WHAT YOU NEED TO DO
Where the records hold the string "ball", show the whole line it sits on.

+++ MATERIALS PROVIDED

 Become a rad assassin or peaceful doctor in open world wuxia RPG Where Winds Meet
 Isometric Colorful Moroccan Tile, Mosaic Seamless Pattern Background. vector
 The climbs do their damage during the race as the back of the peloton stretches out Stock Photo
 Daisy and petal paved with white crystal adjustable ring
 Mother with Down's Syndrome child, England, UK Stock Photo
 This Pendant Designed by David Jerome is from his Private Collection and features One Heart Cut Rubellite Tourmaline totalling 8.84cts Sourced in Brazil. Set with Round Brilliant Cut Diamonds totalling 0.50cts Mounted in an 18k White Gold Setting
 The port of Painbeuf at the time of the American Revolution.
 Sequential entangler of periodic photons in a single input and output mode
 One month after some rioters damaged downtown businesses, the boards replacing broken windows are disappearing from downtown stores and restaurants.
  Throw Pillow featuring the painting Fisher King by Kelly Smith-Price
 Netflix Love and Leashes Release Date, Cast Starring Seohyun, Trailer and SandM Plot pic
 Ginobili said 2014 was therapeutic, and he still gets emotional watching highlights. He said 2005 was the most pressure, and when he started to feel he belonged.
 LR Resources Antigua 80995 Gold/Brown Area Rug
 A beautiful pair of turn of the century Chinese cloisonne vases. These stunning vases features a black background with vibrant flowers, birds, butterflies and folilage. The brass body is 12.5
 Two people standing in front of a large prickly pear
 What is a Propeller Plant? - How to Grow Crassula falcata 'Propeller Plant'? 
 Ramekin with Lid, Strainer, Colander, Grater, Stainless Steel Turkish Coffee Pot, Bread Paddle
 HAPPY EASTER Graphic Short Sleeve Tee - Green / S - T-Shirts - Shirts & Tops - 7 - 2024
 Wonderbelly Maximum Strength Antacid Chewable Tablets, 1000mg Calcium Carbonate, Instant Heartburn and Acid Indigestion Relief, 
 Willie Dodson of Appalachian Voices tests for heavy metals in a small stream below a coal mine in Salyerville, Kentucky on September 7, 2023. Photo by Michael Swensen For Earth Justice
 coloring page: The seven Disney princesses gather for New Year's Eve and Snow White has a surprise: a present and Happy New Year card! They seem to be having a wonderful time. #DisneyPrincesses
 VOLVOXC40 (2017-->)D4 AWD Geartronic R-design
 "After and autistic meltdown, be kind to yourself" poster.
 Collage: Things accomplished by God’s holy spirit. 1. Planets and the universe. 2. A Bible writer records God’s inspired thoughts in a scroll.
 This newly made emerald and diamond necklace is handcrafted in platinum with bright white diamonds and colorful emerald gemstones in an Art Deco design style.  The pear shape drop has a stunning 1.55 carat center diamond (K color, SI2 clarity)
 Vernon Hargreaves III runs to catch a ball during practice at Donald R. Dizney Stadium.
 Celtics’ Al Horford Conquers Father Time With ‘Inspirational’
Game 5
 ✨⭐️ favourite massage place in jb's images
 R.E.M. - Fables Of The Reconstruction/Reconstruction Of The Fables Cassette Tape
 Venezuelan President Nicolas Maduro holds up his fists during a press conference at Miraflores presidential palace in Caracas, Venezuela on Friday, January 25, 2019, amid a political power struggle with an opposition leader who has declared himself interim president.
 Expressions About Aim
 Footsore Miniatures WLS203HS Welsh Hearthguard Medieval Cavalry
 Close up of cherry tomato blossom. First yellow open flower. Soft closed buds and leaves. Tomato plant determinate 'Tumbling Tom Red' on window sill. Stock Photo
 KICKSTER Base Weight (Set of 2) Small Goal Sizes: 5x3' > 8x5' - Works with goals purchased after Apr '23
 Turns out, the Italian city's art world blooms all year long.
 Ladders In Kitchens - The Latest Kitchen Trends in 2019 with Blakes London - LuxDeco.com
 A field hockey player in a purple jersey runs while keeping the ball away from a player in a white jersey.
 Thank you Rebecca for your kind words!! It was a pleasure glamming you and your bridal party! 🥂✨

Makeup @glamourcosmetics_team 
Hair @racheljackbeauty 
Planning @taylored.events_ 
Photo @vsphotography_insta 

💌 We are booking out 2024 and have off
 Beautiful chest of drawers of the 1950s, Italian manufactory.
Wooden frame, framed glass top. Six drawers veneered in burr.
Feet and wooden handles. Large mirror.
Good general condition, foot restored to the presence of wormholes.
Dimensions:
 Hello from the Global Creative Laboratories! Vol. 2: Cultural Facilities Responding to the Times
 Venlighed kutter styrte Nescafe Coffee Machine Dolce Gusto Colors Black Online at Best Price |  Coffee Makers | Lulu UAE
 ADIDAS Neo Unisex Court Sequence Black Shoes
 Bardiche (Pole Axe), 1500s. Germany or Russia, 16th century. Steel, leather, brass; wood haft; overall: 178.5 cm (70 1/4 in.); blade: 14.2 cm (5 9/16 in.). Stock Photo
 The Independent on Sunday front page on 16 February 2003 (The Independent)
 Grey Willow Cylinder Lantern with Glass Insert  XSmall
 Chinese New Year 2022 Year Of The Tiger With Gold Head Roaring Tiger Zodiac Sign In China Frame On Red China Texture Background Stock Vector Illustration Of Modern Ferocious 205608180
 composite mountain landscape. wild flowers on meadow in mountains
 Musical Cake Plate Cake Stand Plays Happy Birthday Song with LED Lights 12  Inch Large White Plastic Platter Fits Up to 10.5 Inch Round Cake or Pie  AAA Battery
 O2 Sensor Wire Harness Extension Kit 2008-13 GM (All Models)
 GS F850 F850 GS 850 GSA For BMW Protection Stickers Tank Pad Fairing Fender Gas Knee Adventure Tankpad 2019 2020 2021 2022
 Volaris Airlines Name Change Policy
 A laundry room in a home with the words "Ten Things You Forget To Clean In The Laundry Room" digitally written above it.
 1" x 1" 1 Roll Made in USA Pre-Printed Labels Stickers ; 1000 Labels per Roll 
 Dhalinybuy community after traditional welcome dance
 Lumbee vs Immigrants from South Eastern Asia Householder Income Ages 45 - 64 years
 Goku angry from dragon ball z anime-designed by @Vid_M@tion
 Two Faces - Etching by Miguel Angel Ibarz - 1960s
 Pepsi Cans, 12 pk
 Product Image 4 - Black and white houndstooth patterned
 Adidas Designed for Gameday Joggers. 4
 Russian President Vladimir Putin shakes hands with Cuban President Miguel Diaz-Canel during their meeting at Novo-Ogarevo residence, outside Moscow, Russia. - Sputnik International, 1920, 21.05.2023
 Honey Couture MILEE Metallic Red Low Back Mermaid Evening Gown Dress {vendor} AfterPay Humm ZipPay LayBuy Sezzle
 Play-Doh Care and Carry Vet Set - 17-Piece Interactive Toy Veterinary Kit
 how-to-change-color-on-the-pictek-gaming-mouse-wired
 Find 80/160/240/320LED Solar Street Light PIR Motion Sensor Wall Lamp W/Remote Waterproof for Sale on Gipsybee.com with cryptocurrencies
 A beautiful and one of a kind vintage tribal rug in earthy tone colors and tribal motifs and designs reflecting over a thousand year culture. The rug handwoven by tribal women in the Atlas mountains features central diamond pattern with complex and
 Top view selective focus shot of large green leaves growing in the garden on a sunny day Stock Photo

++++++

SOLUTION FOR THIS PROBLEM
 Vernon Hargreaves III runs to catch a ball during practice at Donald R. Dizney Stadium.
 A field hockey player in a purple jersey runs while keeping the ball away from a player in a white jersey.
 Goku angry from dragon ball z anime-designed by @Vid_M@tion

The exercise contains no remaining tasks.